Overview

This chat focuses on your past experience there’s not much you need to do to prepare. However, it would be advisable to pull your thoughts together ahead of time, and here’s the structure you can expect:

  • Experience - covering the type of roles you’ve held, the breadth and depth of responsibility, and size of projects managed. This is also your opportunity to showcase your content expertise in your field of work
  • Technical breadth and depth - At FB, we emphasize collaboration across multiple teams and individuals, so be able to talk about how your work has spanned multiple teams and/or iterations
  • TL (project management) skills - including technical mentoring – think about your role in the setup, execution and delivery of a project
  • People management skills - including upward influencing, mentorship, empathy, people growth etc.
  • Agility - Indicator of your growth opportunities, as measured through your capability and willingness to absorb knowledge from your experience, and use these lessons to become even more effective in new and different situations
  • Motivation - What would you be interested in working on at Facebook, or why are you interested in working to make Facebook better? Do you exhibit a strong general drive and desire to progress as a leader?
  • Meta/Barlas things: IR, DPR, Llama 2, GenAI, LoRA

  • Also, don’t be afraid to be vulnerable and talk about difficult subjects, show senior level leadership qualities as this is a senior role.

Experience

Amazon Music

  • Currently, at Amazon, I lead the Music team for query understanding (finetuned an LLM input text, output is the API call. Trained base LLM, finetuned with API data with human annotations) and personalization.
    • So as a user interacts with an Alexa device, say they say “play music”, we need to help understand the request and personalize it with the customers detail.
      • This involves Entity recognition: identifying song names, artist names, genre which is important because we need to know which playlist/radio station to play (we dont want to just play 1 song)
      • Intent classification:(Play music intent function call name, resolves query to match it to the function call, build arguments, slot filling, multi-step questions) “play songs by Adele” vs “play Adele’s latest music”
      • context understanding: users location, time of day, holidays, kid and explicit (find restaurant, lattitude longitude)
        1. Intent Recognition:
        • By analyzing the query, the system identifies that the user wants to “play music.” So, the main function to be called is playMusic.
      1. Slot Filling:
        • Song Name (track): Extract the song name from the query. In this case, it’s “Hello.”
        • Artist Name (artist): Extract the artist name. Here, it’s “Adele.”
        • Device (device): Extract where the user wants to play the music. Here, it’s “living room speaker.”
        • Volume (volume): Extract the desired volume. Here, it’s “60%.”
      2. Argument Building: Based on slot filling, construct the arguments for the function call.
        • track="Hello"
        • artist="Adele"
        • device="living room speaker"
        • volume=60
      3. Resolving the Query to Function Call: The LLM maps the extracted intent and slots to the function call: playMusic(track="Hello", artist="Adele", device="living room speaker", volume=60)

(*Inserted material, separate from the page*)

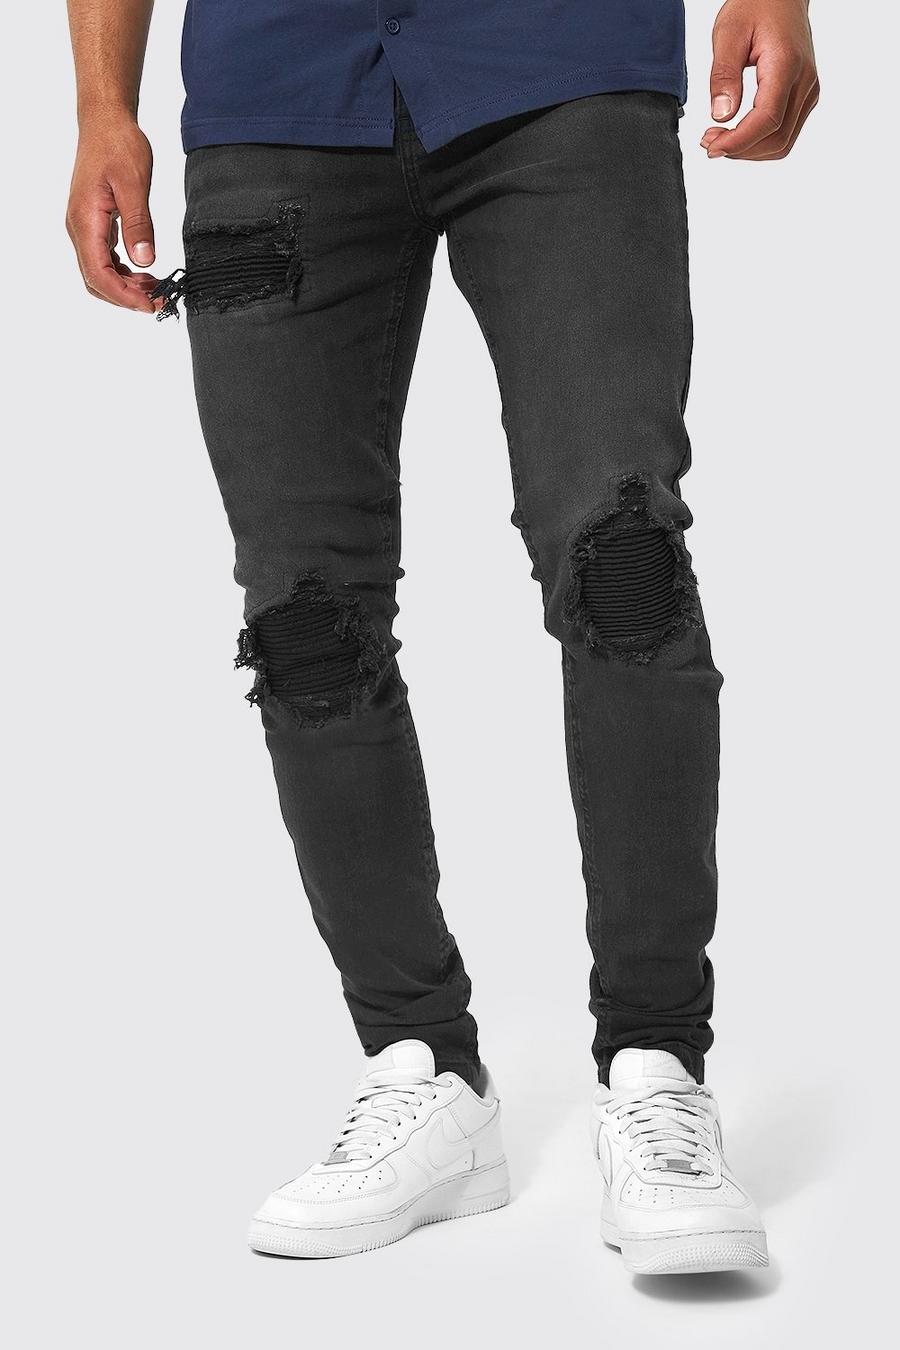 Black Tall Skinny Jeans With Biker Rip And Repair

      4. Handling Multi-step Questions: Sometimes, a single query may not provide all the needed information. The system might need to ask follow-up questions. For instance, if the user just says “Play ‘Hello’”, the system might ask:
        • “Which artist’s ‘Hello’ would you like to play? Adele or Lionel Richie?”
        • Based on the user’s response, it can then construct the appropriate function call.
      5. Execution: Once the function call is constructed, the system will execute it, triggering the desired action.

In essence, using the LLM, you’re dynamically translating natural language instructions into structured function calls that the system can understand and act upon. This approach makes interactions intuitive for users while ensuring precise actions on the backend.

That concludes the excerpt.